Jasper Joseph Neyland
1894 - 1918
Jasper Joseph Neyland was born to Jasper James Neyland, Sr., and Frankie Winkler Neyland on July 1, 1894 in Washington, Louisiana. He graduated from Washington High School in 1909. Neyland received a scholarship to Louisiana State University from the Police Jury of St. Landry Parish and entered the university on September 15th, 1909.
Neyland was active in student life. He served as a private in “B” Company of the Military Department, and joined the Graham Literary Society at the university. During his senior year (1912-1913) Neyland became a Lieutenant in “C” Company of the Military Department. An editor’s note in the 1913 Gumbo specifically makes reference to him in “C” Company’s description:
“Taken as a whole ‘C’ Company is some gun on the campus. Day and night drill and other military performances have initiated into us loyal emotions, especially into the heart of our fond Lieutenant, J.J. Neyland, who says that when the jaybird pipes his tuneful lay and the sweet reminder of the dawn sounds, his heart flaps up and down like a churn dasher and he utters unmentionable phrases.”
He was also involved in The Grand and Exalted Order of the Hoboes, an informal social club, and served as an aide to the President in his senior year. Neyland graduated from Louisiana State University in 1914 with a Bachelor of Arts Degree - his senior quote reads “Virtue!
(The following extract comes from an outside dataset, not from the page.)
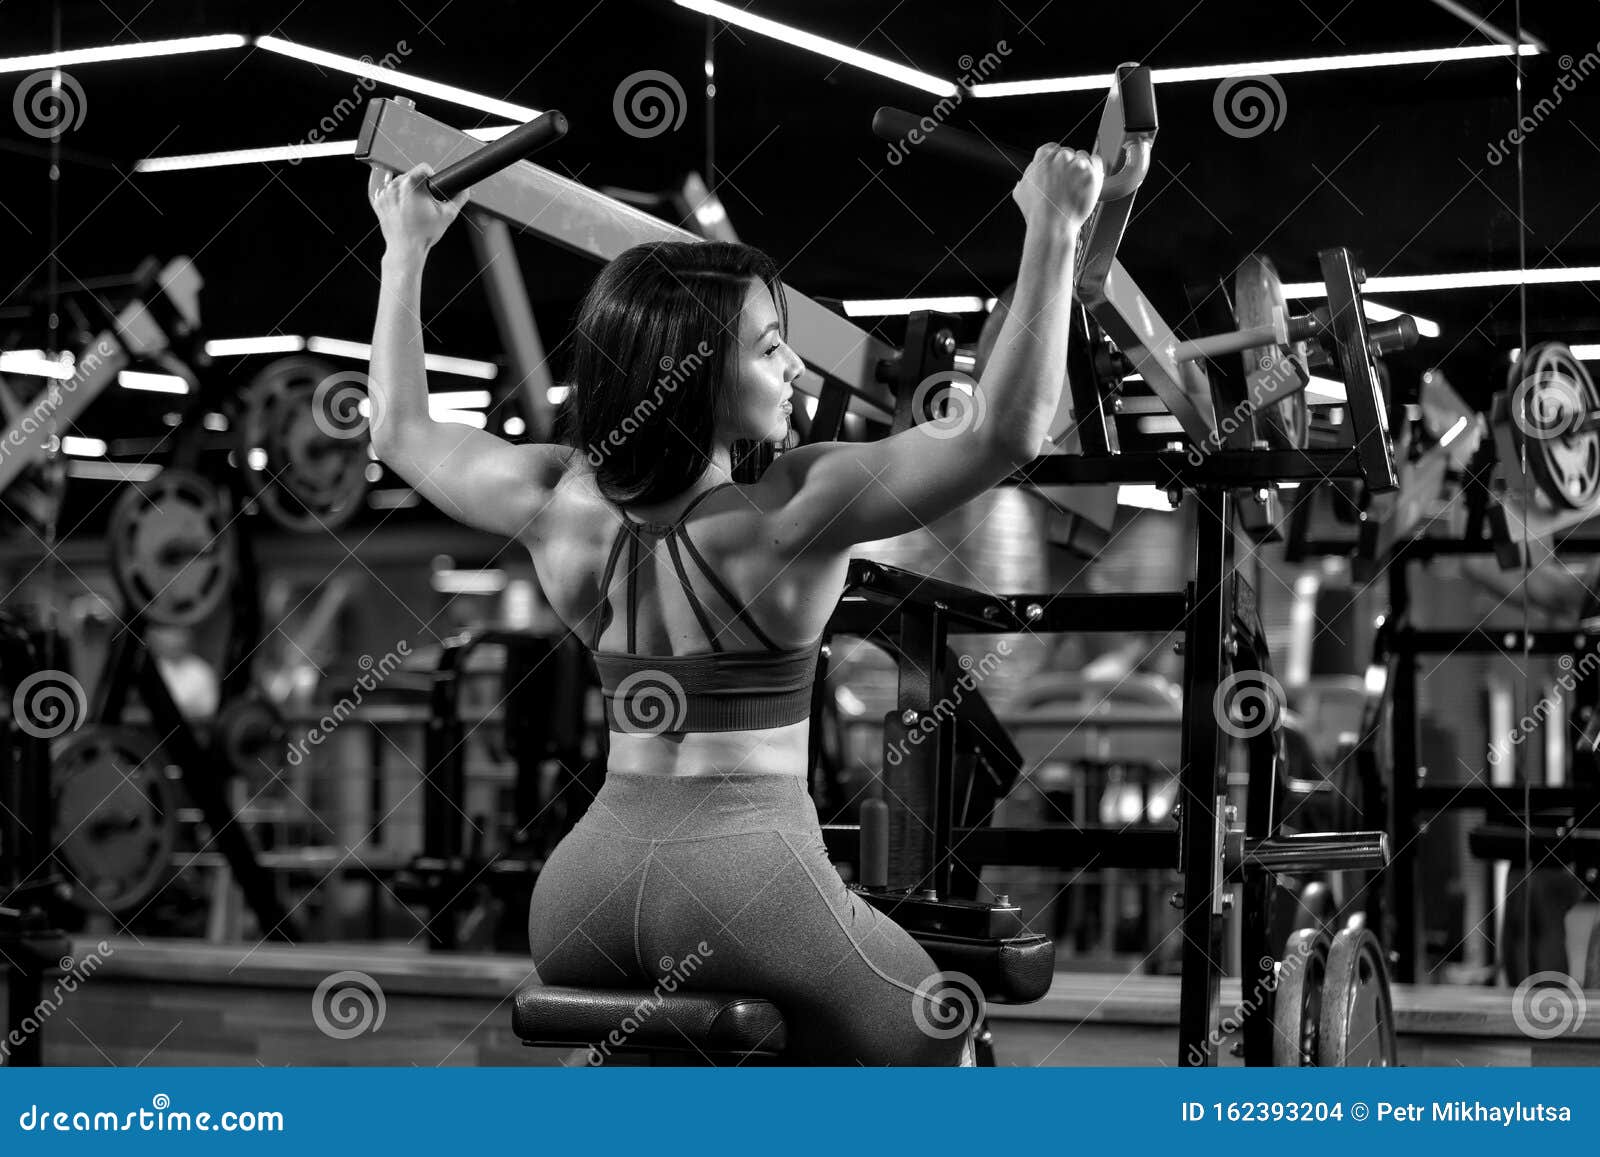 Una Chica Sexy Del Gimnasio EstÃ¡ Sentada Haciendo Ejercicios De Hombro En  El Entrenador Imagen de archivo - Imagen de deporte, hermoso: 159993995

I love, yet tread the path of crime.”
Jasper Neyland worked as both a faculty member at Sulphur High School and an employee of the Sulphur Company before attending Officers’ Training School at Leon Springs, Texas. Having been commissioned as a First Lieutenant in the later part of 1917, Neyland was assigned to El, Paso, Texas, where he saw his first action when leading a detachment of soldiers against Mexican raiders on the ground of the International Bridge over the Rio Grande River at El Paso. Towards the end of June 1918, Neyland was sent overseas for duty as a 1st Lieutenant in the AEF, American Expeditionary Forces, and hit the front three weeks after arriving in France. He was part of the first major and distinctly American offensive, the attack on the St. Mihiel salient in France led by General John J. Pershing (1860-1948), Neyland served on the front from July 1918 until his death on November 10, 1918, tragically just one day before the armistice and end of hostilities. Jasper Joseph Neyland died instantly when hit by shrapnel in Thiaucourt, a village in the St. Mihiel salient, France. He was buried in Jaulny, France, but his remains were returned home in 1921. The letter from his superior officer regarding his death describes him as “…a noble boy, ready to meet his God, unusually beloved by his men, and respected and admired by his fellow officers.”
The American Legion Post 209 in Opelousas, Louisiana, is named for Neyland. Neyland’s descriptive and heartfelt letters from camp and the warfront to his girlfriend, Elsie Walker, are housed in the J. P. Knox and Family Papers in LSU Libraries Special Collections.